Suppose you have an array of floating point numbers with each index into the array being an id number corresponding to some external data structure. You want to sort this array, but in doing so you would destroy the references to the id numbers, since the indexes of the array would no longer correspond to the correct id numbers in the external data structure. For example, let’s say we are dealing with customers of a store and each value in the array is their current balance.
balances = {25.61, 13.45, 89.75, 21.2, 96.50}
Each index in the balances array corresponds to an index in some other array, say:
names = {"Marjory Stewart-Baxter", "Hubert Cumberdale", "Barbara Logan-Price", "Jeremy Fisher", "Mable"}
If we were to merely sort the balances array in descending order, the result would be that the balance of $96.50 would no longer correspond to Mable but to Marjory Stewart-Baxter. Marjory hates Mable enough already, we wouldn’t want her having to pay her bills, as well. Of course, an easy solution would be to use a Map with the name of the person as the key and the balance as the value. The problem comes in that maps are slower to access and consume more memory than arrays, so could be less desirable in situations where speed and memory are important.

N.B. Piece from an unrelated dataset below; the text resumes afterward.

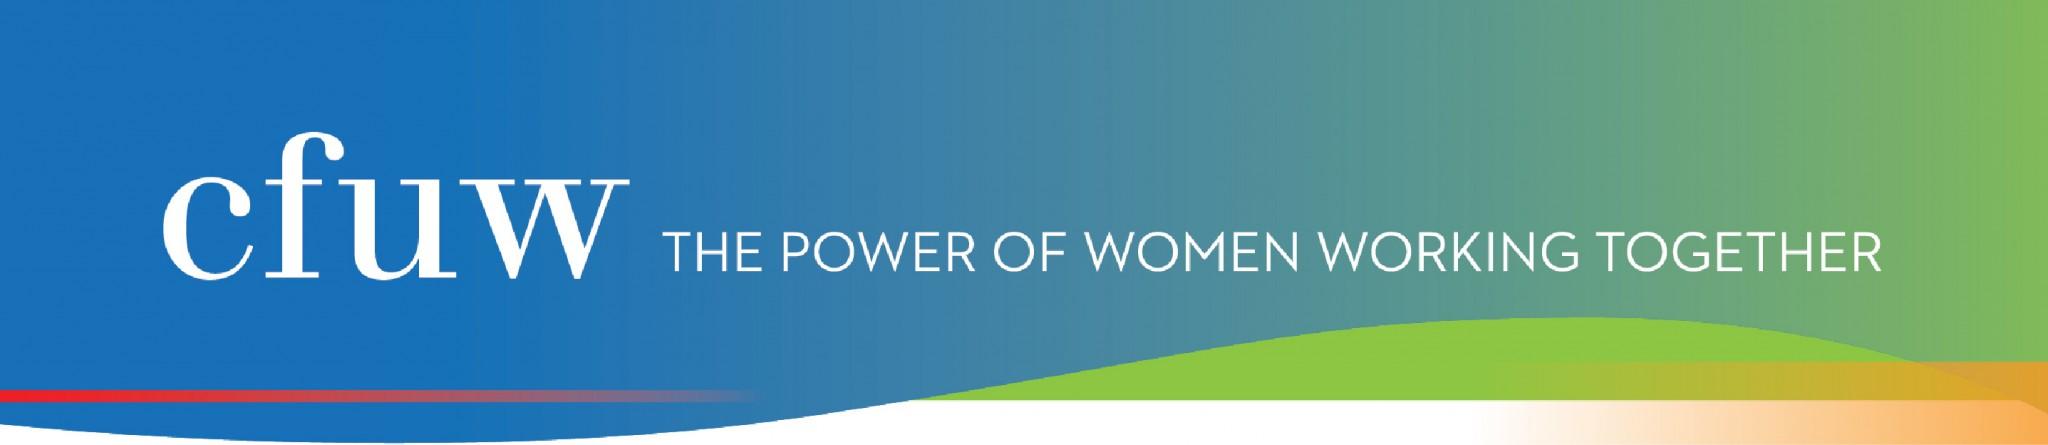 CFUW New Logo Banner - CANADIAN FEDERATION OF UNIVERSITY WOMEN (CFUW) ANUAL HOMES TOUR AND TEA
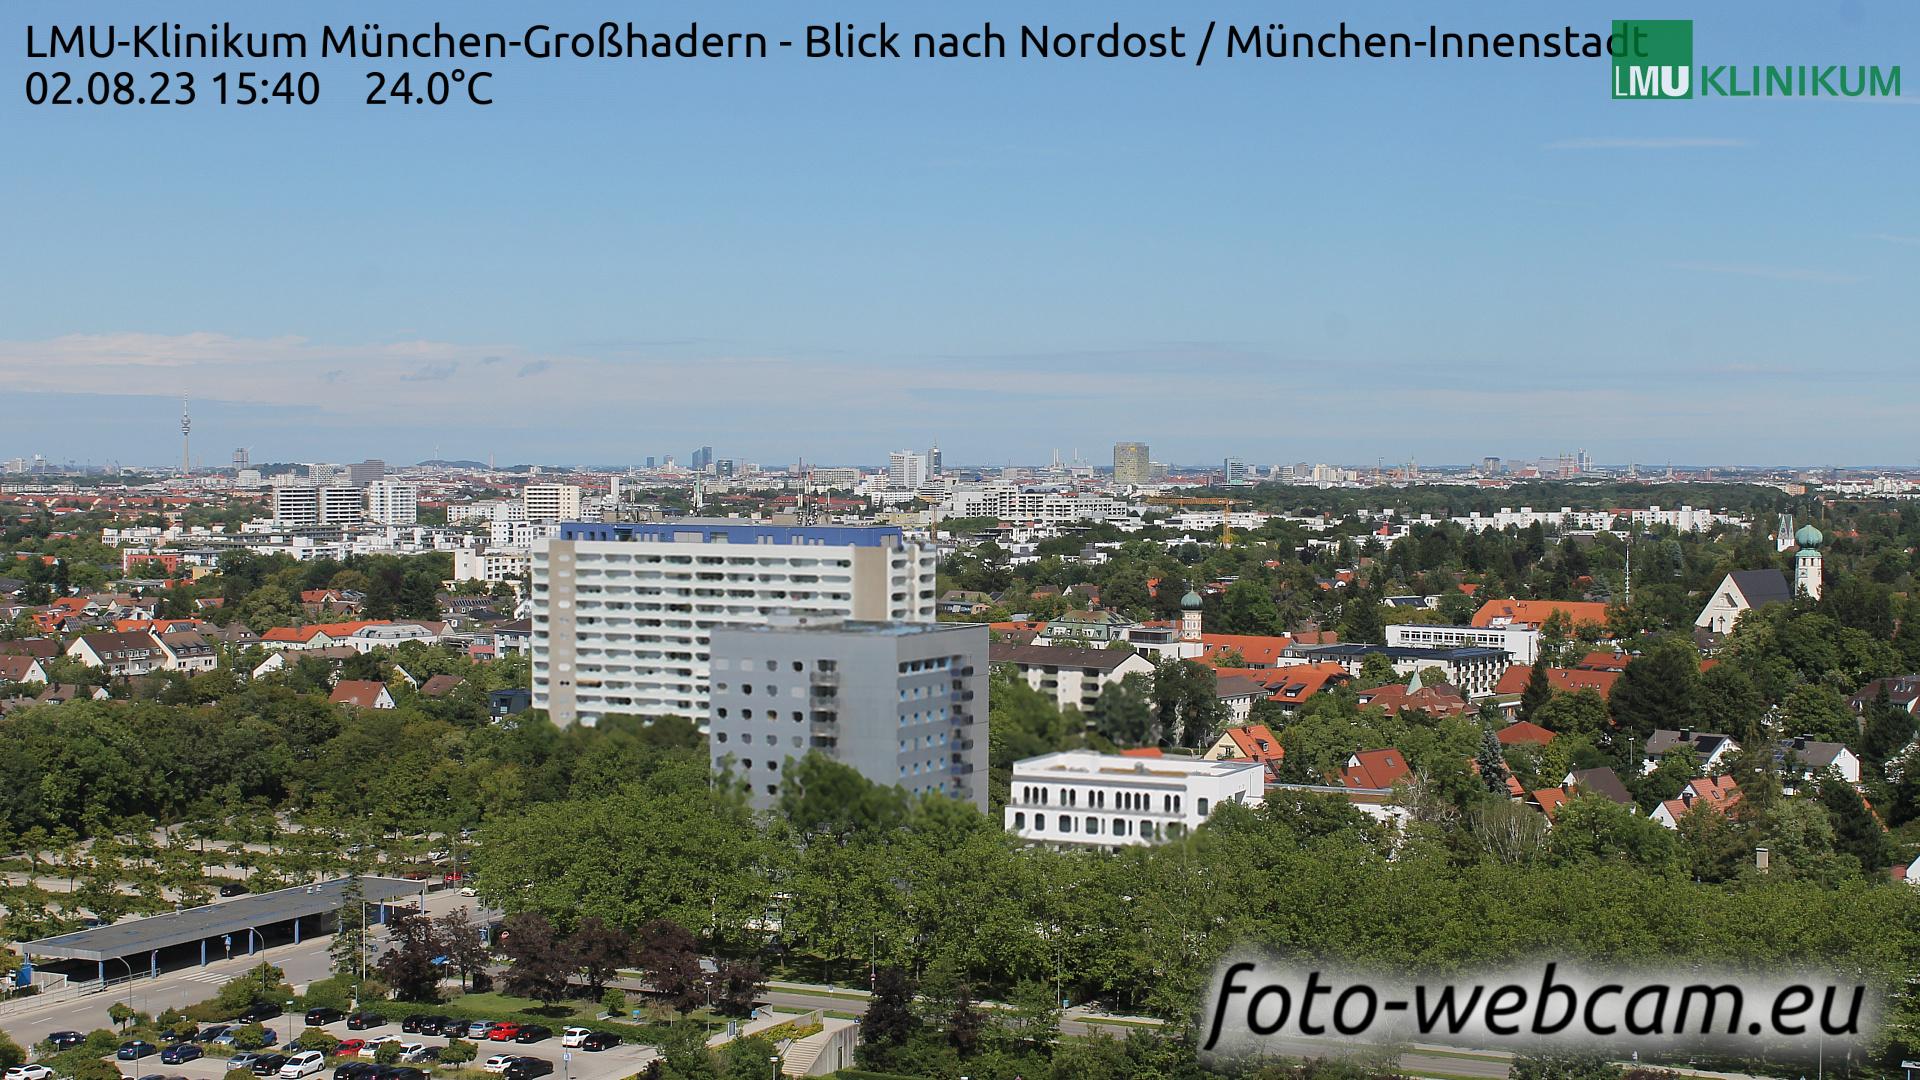 Munich Mon. 15:47

In Python, it is easy to sort two lists of this kind. Make each value in the list a tuple (balance, name) and then use the built in sort function:
balnames = zip(balances, names) balnames.sort()
However, in Python a list does not an array make. Memory consumption can get messy if you are using complicated structures (especially dictionaries). Even if you’re using only tuples of primitives, you consume more memory than a simple array would. I’ve been doing some Java coding over the past few days and ran into this problem. My solution is an implementation of merge sort that sorts both the array of values and keeps track of the indexes in a separate array. Memory consumption is still not optimal, since merge sort is O(n) in memory and keeping track of the indexes doubles that again.
/**
* Modified merge sort algorithm for sorting an array
* in descending order while keeping track of indexes.
*
* @param indexes array of the original indexes for items in the data array
* @param data array of the values that the array will be sorted according to (doubles)
*/
public static void mergeSort(int [] indexes, double [] data) {
if (indexes.length <= 1)
return; // stopping condition
int split = indexes.length / 2;
int mod = indexes.length % 2;
int [] indexes_l = new int[split];
int [] indexes_r = new int[split + mod];
double [] data_l = new double[split];
double [] data_r = new double[split + mod];
// split the arrays into two parts
for (int i = 0; i < indexes.length; i++) {
if (i < split) {
indexes_l[i] = indexes[i];
data_l[i] = data[i];
} else {
indexes_r[i - split] = indexes[i];
data_r[i - split] = data[i];
}
}
// recursive step
mergeSort(indexes_l, data_l);
mergeSort(indexes_r, data_r);
// now handle merge
int idx_l = indexes_l.length - 1;
int idx_r = indexes_r.length - 1;
while (idx_l >= 0 && idx_r >= 0) {
// add the smaller item to the right of the array
// this produces descending order, in case of tie
// right side goes in first
if (data_r[idx_r] > data_l[idx_l]) {
data[idx_r + idx_l + 1] = data_l[idx_l];
indexes[idx_r + idx_l + 1] = indexes_l[idx_l];
idx_l--;
} else {
data[idx_r + idx_l + 1] = data_r[idx_r];
indexes[idx_r + idx_l + 1] = indexes_r[idx_r];
idx_r--;
}
}
while (idx_l >= 0) {
data[idx_l] = data_l[idx_l];
indexes[idx_l] = indexes_l[idx_l];
idx_l--;
}
while(idx_r >= 0) {
data[idx_r] = data_r[idx_r];
indexes[idx_r] = indexes_r[idx_r];
idx_r--;
}
}
Find any bugs or a better way of doing it? Please let me know.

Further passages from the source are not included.